When I traverse the tree, I want to treat the focus node differently: for example, if I was printing the tree, I might want to print the focus node in bold.
If I were using C or Java, I could save a pointer/reference to the focus node, which I could compare with the current node as I traversed the tree. I don't think that's the right way to do it in Clojure: it feels hacky, and I'm sure there's some way to do it that takes advantage of Clojure's persistent data structures.
The solution has to work in Clojure and ClojureScript.
The options I can think of are:
Store a reference and check against that.
Attach a marker to the node in question.
Simultaneously recurse into the tree and along the path to the marked node.

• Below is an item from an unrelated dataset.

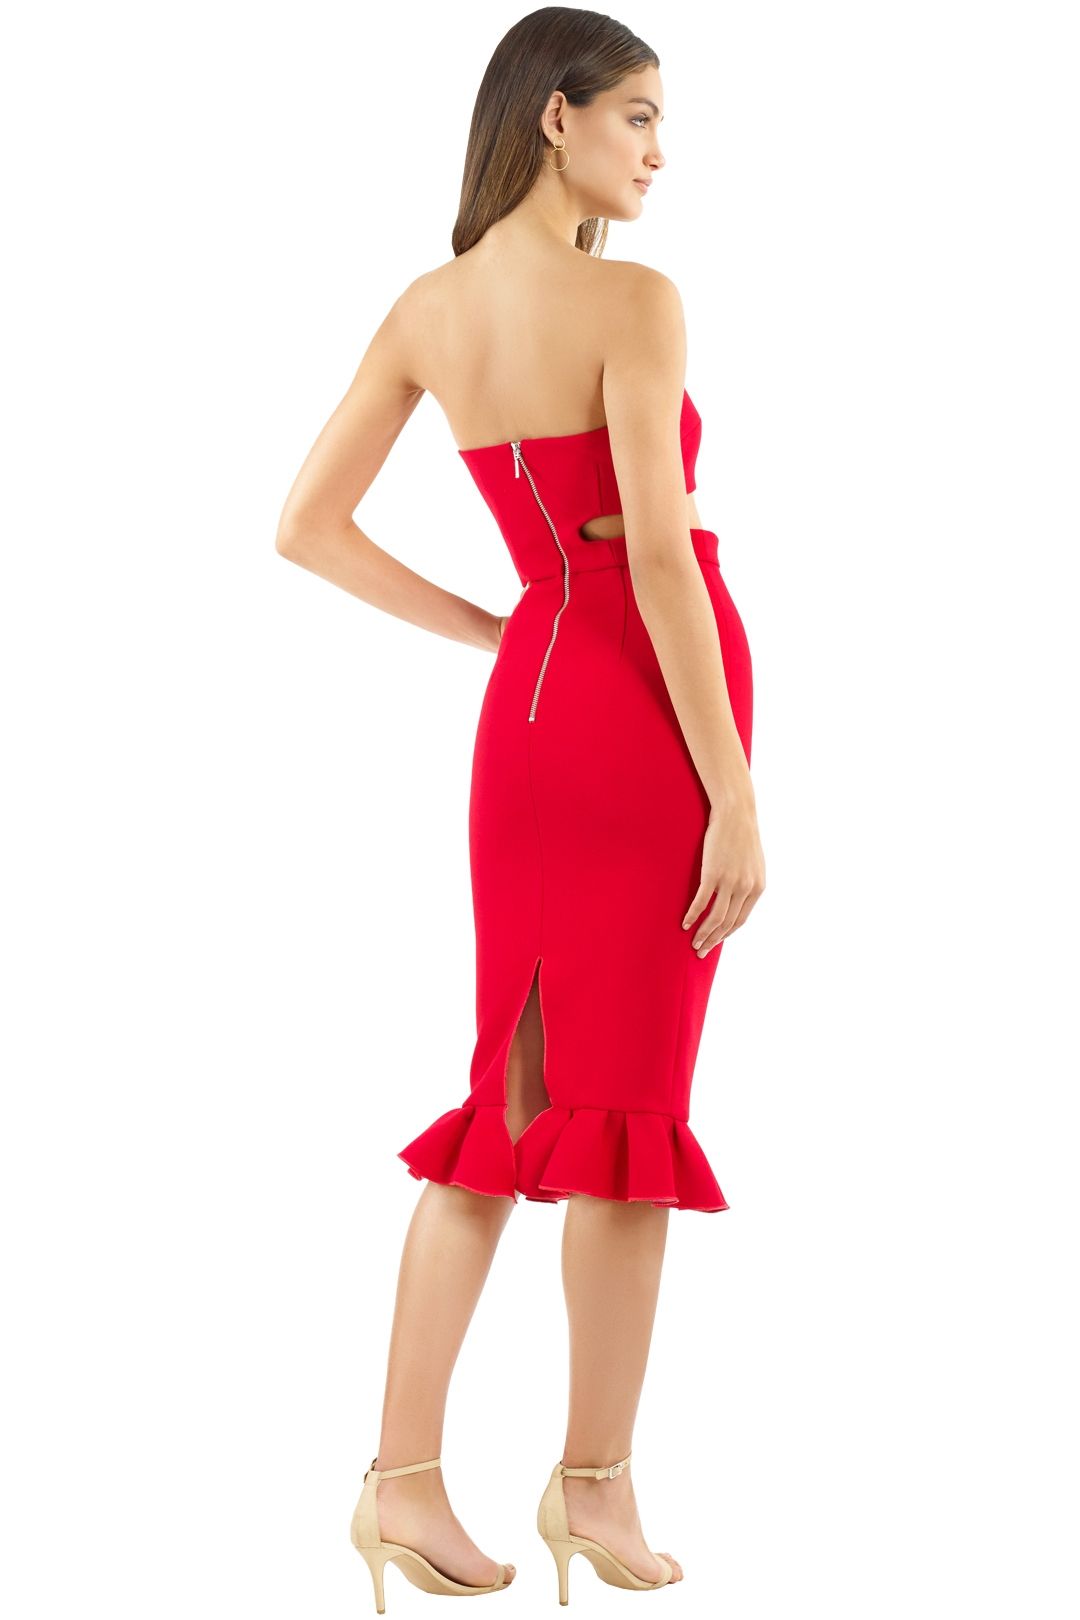 Yeojin Bae - Kaitlin Dress - Red - Back

Option (1) is unattractive, as I've explained.
Option (2) seems best, and painless given persistent data structures.
Option (3) is similar to option (2), except that it combines the
marking and traversing steps.
I'm sure this is a common problem. Is there a standard solution to it?

I suggest you reconsider #MerceloMorales's suggestion: to use metadata. Your node object is to have an accidental attribute that doesn't affect its normal functions. That is what metadata is designed for. And it works in ClojureScript. The only reason I can think of for not using metadata is that the node value is not a Clojure object, but is, for example, a number.
In The Clojure Cookbook, 2.22. Keeping Multiple Values for a Key, Luke Vanderhart uses metadata to solve a similar problem: marking entries that need to be interpreted as collections rather than single values.
Another approach might be to use a zipper to traverse/modify the node tree. Zippers are implemented in terms of - you've guessed it - metadata.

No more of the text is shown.